How old is he and what is this medication for? Is this something he needs to take daily, or something like tylenol because he has a headache? You don't need to give details of his health if you're not comfortable sharing; saying "he needs one pill a day for a chronic health condition" is enough information, if that's the case here.
post #3 of 16
Who left the bottle half open and within his reach?

I think that would be what needs to be fixed, and maybe just remind him that he should get you or his dad when he needs his meds.

Grounding him for taking his medication seems random.
post #4 of 16
Quote:
Originally Posted by fek&fuzz View Post
Who left the bottle half open and within his reach?

I think that would be what needs to be fixed, and maybe just remind him that he should get you or his dad when he needs his meds.

Grounding him for taking his medication seems random.
Ya, that. I'd be praising him for only taking one, the way he knew he was supposed to, but explaining how he should never,EVER take any medication without me giving it to him, because it is dangerous, etc.
Sound like the ADULT who left the medicine within his reach is the one who needs "grounding".
post #5 of 16
Thread Starter 
He's 7, and he's on medicine that, among other things, helps to supress compulsive behavior. I thought it was out of his reach and I admit it was probably me who didn't close the bottle properly. He had to climb to get to it; he's very able to get to just about everything in the house and I don't have a good place to stash things and I'm not keen on buying a safe. Grounding seems a little random to me, too, but it's not only about getting the medicine. We asked him, point blank if it was something he was supposed to do, and he said, no it wasn't. It's more about him knowing he's not allowed to do something, and then doing it anyway.
post #6 of 16
Um... isn't poor self-control of impulses pretty typical for 7 year olds?

Won't grounding him just make him less likely to come to you in the future about this sort of thing? That's what I'd be worried about.

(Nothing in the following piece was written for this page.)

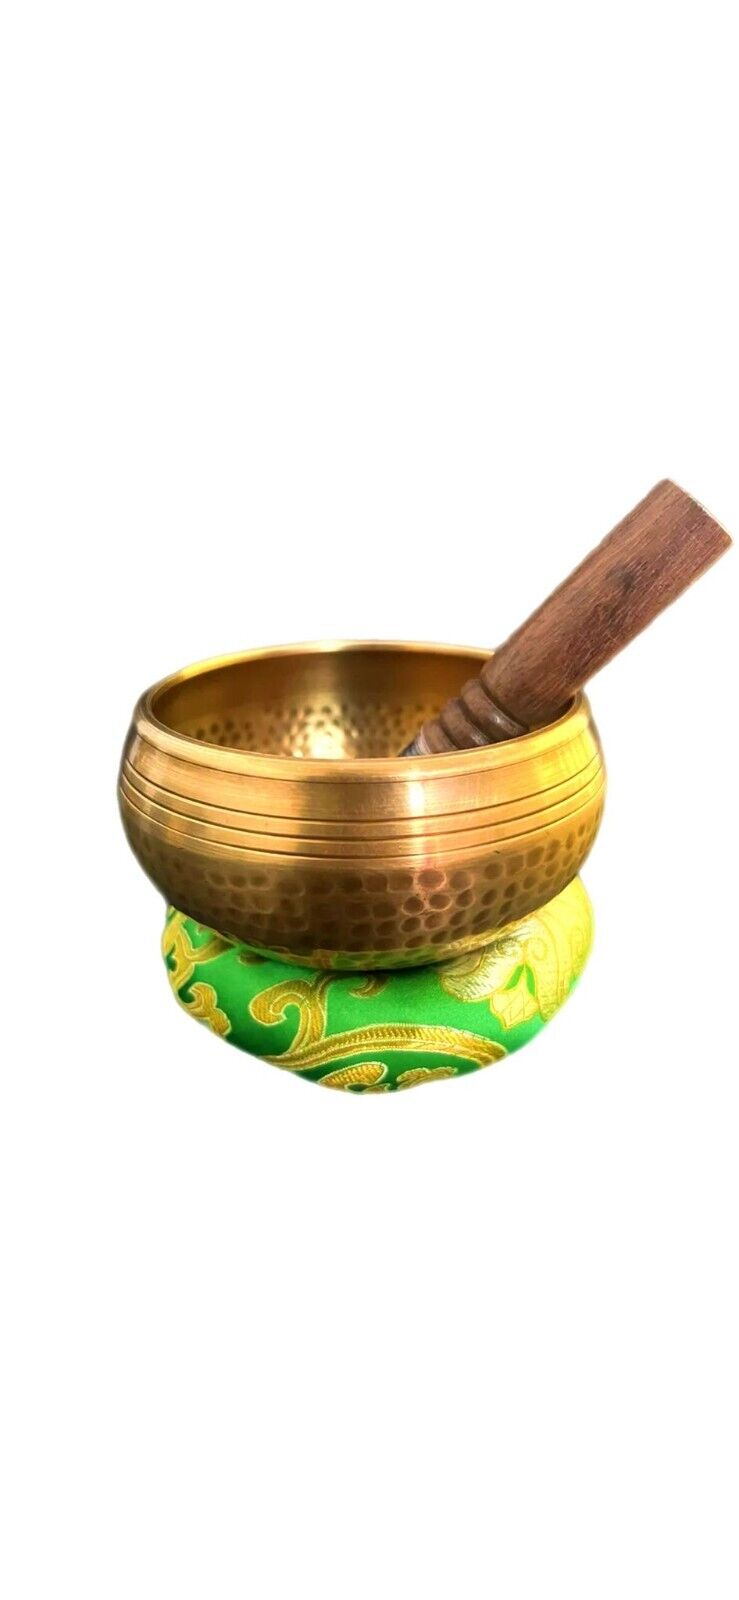 4.5”Handbeaten Tibetan Singing Bowl Set  for Yoga, Meditation, Sound healing.

Could you use his natural inclination to keep you informed as a starting point for coming to you before doing things?

Can he open childproof caps? If he can't then the solution to the medicine problem is for you to just close the bottle properly.
post #7 of 16
your approach may not be as gentle as others, but i'm very proud of you and your dh for handling this in a way that didn't involve spanking and yelling! good for you, mama!! I agree that 2 days in his room is harsher than what i would have personally done...but then again, it sounds like you are really moving in the right direction & getting away from how you may have handled this in the past!!! that is wonderful! GD is a process (at least for me it was/is). i think you're doing wonderful, and double kudos to you for coming here to reflect on the consequence you did choose. it sounds like you're a wonderful and carining mama really trying to grow and meet your child's needs.
post #8 of 16
I agree that while it is a good idea to supervise the pill-taking, I took a lot of pills at that age, and was capable of taking the correct amount each day. I mean, he only has to take one. That's not much to remember. So while you are certainly within the bounds of good safety precautions to not let him take them by himself, you might want to have a family discussion about the medication, his responsibilty with it, why he took it on his own, and why you aren't comfortable with that.

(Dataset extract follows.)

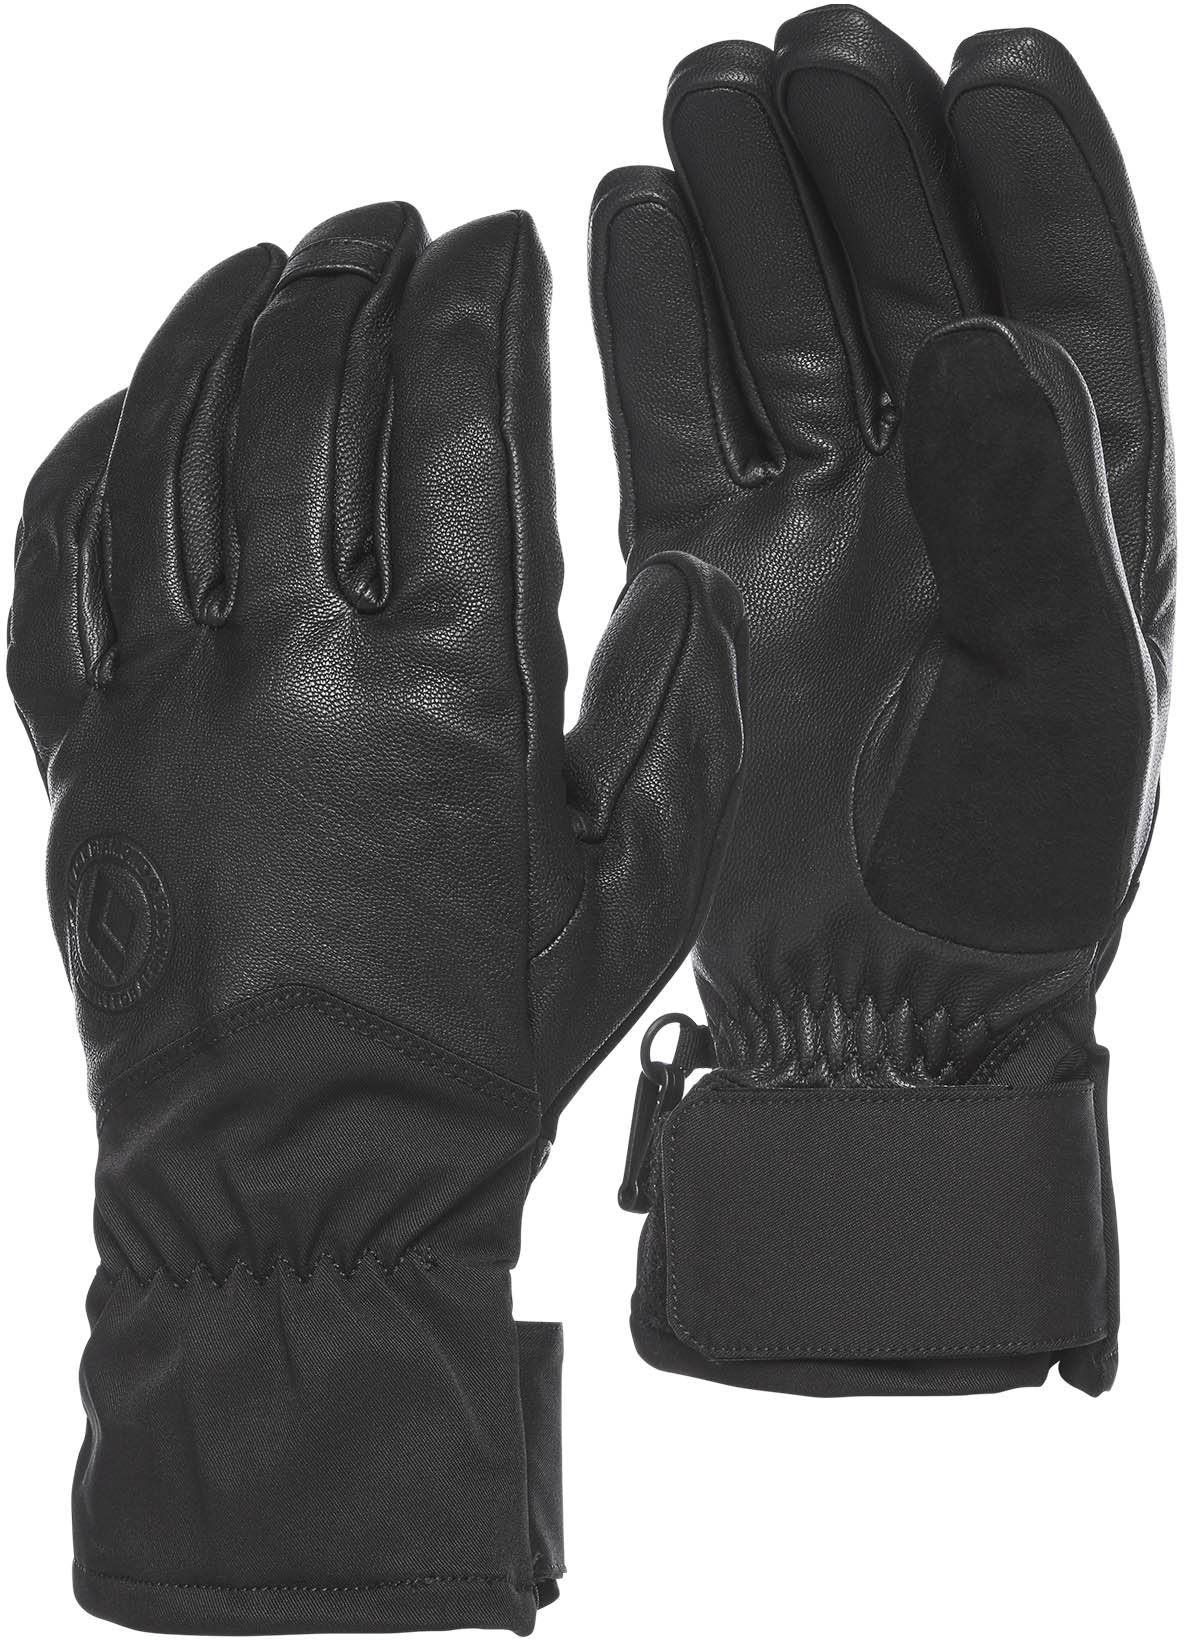 Black Diamond Tour Gloves

That is a reasonable reaction to the behavior. Not saying anything besides reminding him that he isn't supposed to and then giving him two whole afternoons of random grounding seems very pointless and arbitrary to me.

I do applaud your move away from spanking. But I think in this situation, you are aware of his maturity. Why not include him in a discussion about his meds?
post #9 of 16
I understand why you were scared and upset.

I won't suggest the punishment will cause some kind of lifelong trauma and yes as another poster said it is good you didn't hit him or yell at him. That said, I think the punishment is random and could potentially discourage him in the future from being honest with you. Given he announced to you what he did it indicates he had wasn't aware what he did was a problem. That is an indication that it is time to educate more carefully on this issue. It seems unfair that you'd punish a child because you'd failed to properly educate him and properly secure the medication.

To me this is like spanking for a kid going into the street. Spanking wouldn't make it safe for the kid to be unsupervised. Punishing your kid isn't a guarantee he will safely handle his medication without adequate supervision especially when he has problems with impulse control. What it may do is make him less likely to go to you when he has a problem. Given the stakes here are huge (a potential overdose could be terribly dangerous) I believe you have the responsibility to find a way to safely secure the medication and that includes buying a safe even if you don't want to. The other thing I would suggest is if he wants more responsibility here that you find a way to incorporate him into being responsible for his medication. Under supervision he could take it from a daily pack or mark it on the calendar, etc.
post #10 of 16
I think its really great that he took his medicine appropriately and very responsibly. I don't think I would punish that.

Maybe you could set out his morning pill in an old bottle, just placing one or two pills in it each day.

Maybe you could get a mediset, and allow him to use it and just fill it with the pills for that day each day.
post #11 of 16
Quote:
Originally Posted by BellinghamCrunchie View Post
I think its really great that he took his medicine appropriately and very responsibly. I don't think I would punish that.

Maybe you could set out his morning pill in an old bottle, just placing one or two pills in it each day.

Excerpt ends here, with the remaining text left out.